And anger at what seems, to many, like very real impotence from the leading lights of the Free World to prevent, and now to halt, the naked aggression of a regime which, as history shows, has never had much regard for human life.
Anger is an emotion I've always been slow - and loath - to rise to. But I now have to acknowledge and do so freely, that this latent force has been unleashed within me, as Putin's war in Ukraine rages on.
Three weeks ago, on February 24, 2022, summer in idyllic, peaceful and adorable New Zealand was rapidly drawing to a close. So was the world as we know it.
The events of that day will be recorded in history. They are not something that anyone can erase, so grievous and outrageous are their implications. Nor can they easily be forgiven.
The directive of Russian President Vladimir Putin to order columns of armoured vehicles, transporters and aircraft to violate the borders of a sovereign country, home to 44 million - predominantly fellow Slavs - set off a chain of events that few believed was possible in this day and age.
In our family, the consequences have been dire, as they have for the 1600 other Ukrainians now resident in New Zealand and for millions of others in the far-flung corners of the world, especially within the largest country in Continental Europe itself.
What everyone must accept is that the Union of Soviet Socialist Republics ceased to exist on December 31, 1991. Just months before this, on August 24, Ukraine was established as an independent, sovereign country.

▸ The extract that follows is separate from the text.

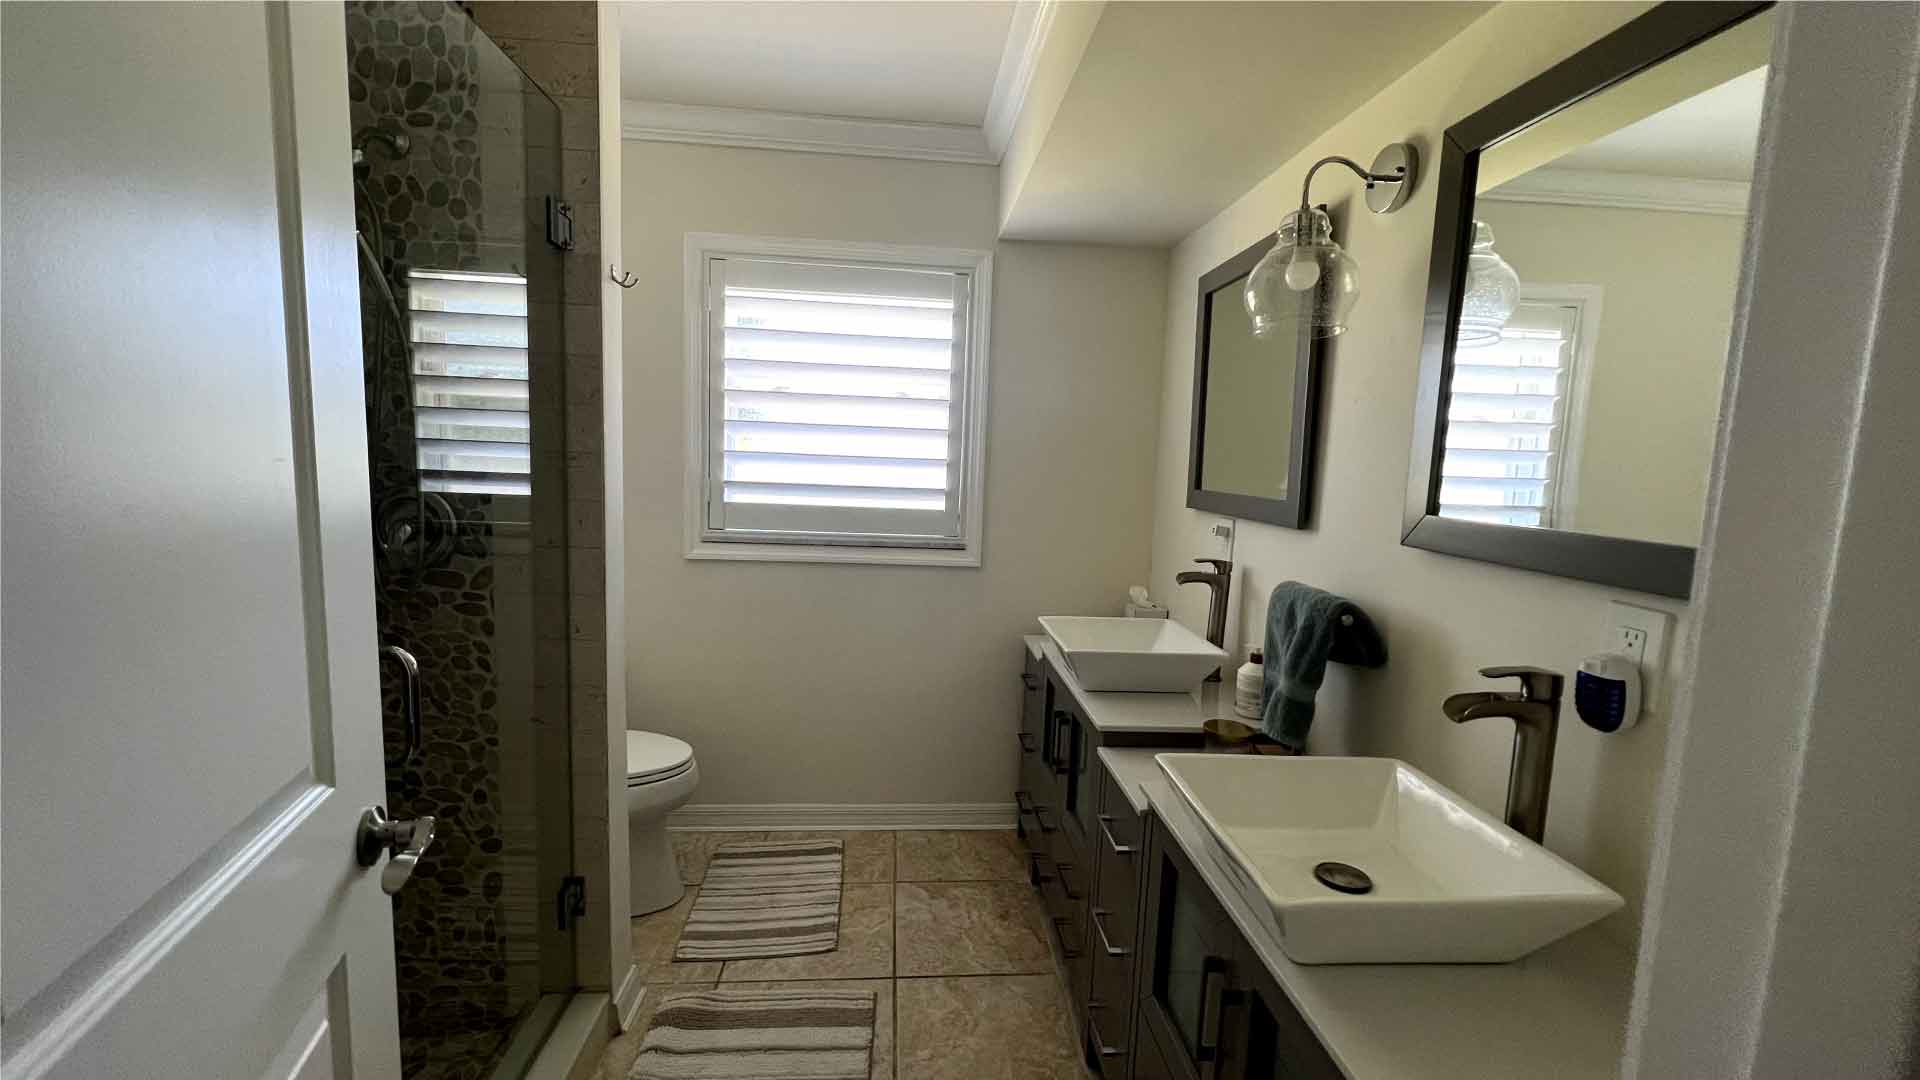 Bathroom - Deep cleaning in Cape Coral by Goldmillio - Apr 2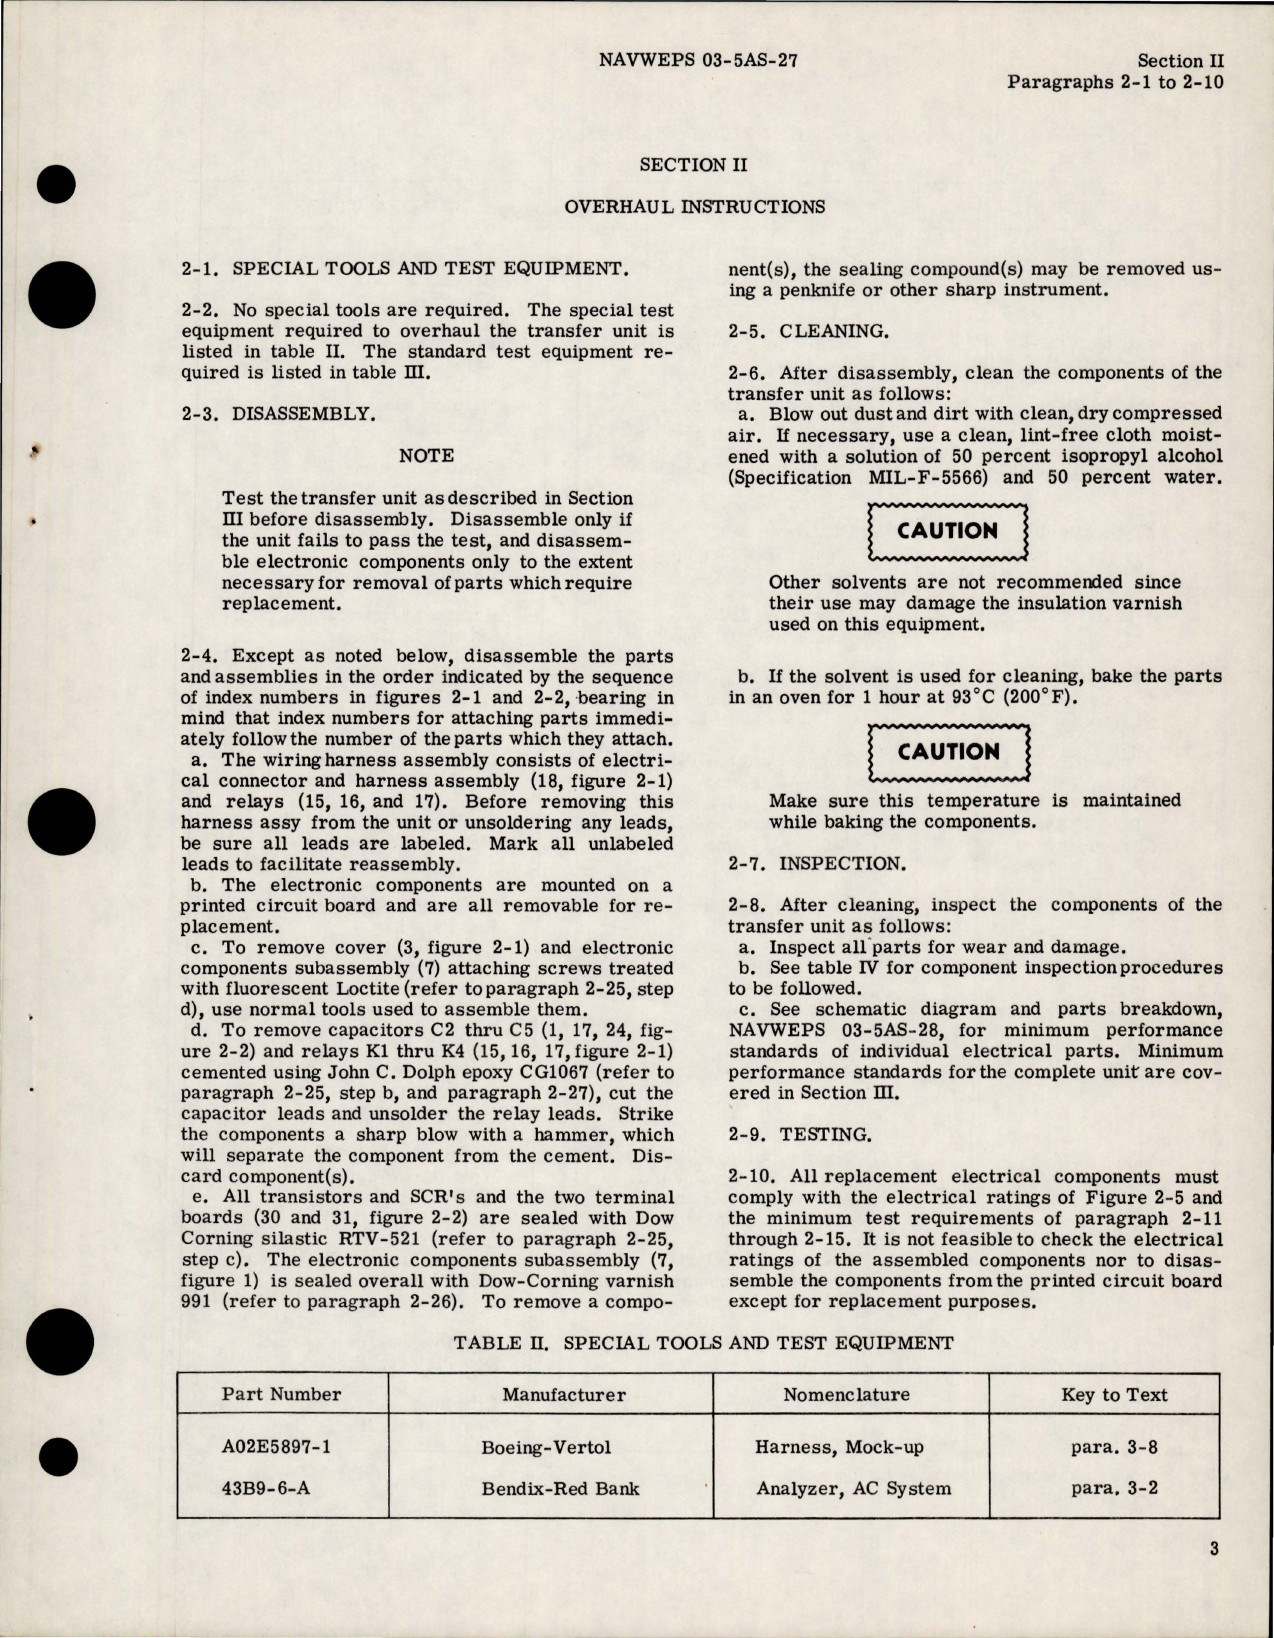 Sample page 7 from AirCorps Library document: Overhaul Instructions for Transfer Unit - Part 34B74-2-A

There are no ifs, buts or maybes over that historical reality, just as there is none over the creation of 14 other former republics as sovereign states.
It's easy to be wise in hindsight but, reflecting on the past three weeks, I now realise that there was a lightbulb moment in relation to the circumstances in which my wife, her family and millions of Ukrainians now find themselves.
That was when I realised, against every desire to think otherwise, that Russian's increasingly erratic leader intended to attempt to rewrite history by subjugating - and if necessary destroying - the Ukrainian people as a race. Delusion was clearly driving a man to cast aside international norms, the rule of law, territorial integrity and the rights of every sovereign state and its people to exist in peace and happiness.
From my perch 17,000km away, I felt an overbearing sense that dark, ominous, ugly clouds were hovering over Continental Europe and that a firestorm of a magnitude not seen since 1939 was about to be unleashed.
The rambling, angry speech of Vladimir Putin on February 22 was designed to establish a pretext for what he had, we now know, he been actively planning for four years.
In that speech, the autocrat at the head of 144 million residents of the Russian Federation sought to erase the Ukrainians as a people, to deny that the Ukrainian culture ever existed and that Ukraine was always part of Russia and needed to be returned to the fold. Putin went so far as to blame his namesake, Vladimir Lenin, for creating an artificial Ukrainian republic when one never actually existed.
It's difficult to suppress anger because this delusional rewriting of history completely overlooks the eight centuries of history of those lands and the Ukrainian people prior to the Bolsheviks overthrowing the last Tsar of Russia in 1917 and establishing the USSR.
Two days after Putin addressed his nation, Russia's war machine rolled across the Belarus-Ukraine border, launching the first major invasion within the European Continent in 83 years.
In the weeks since that gross, miscalculated escapade was launched, our lives and those of millions of others, inside and outside Ukraine have changed forever.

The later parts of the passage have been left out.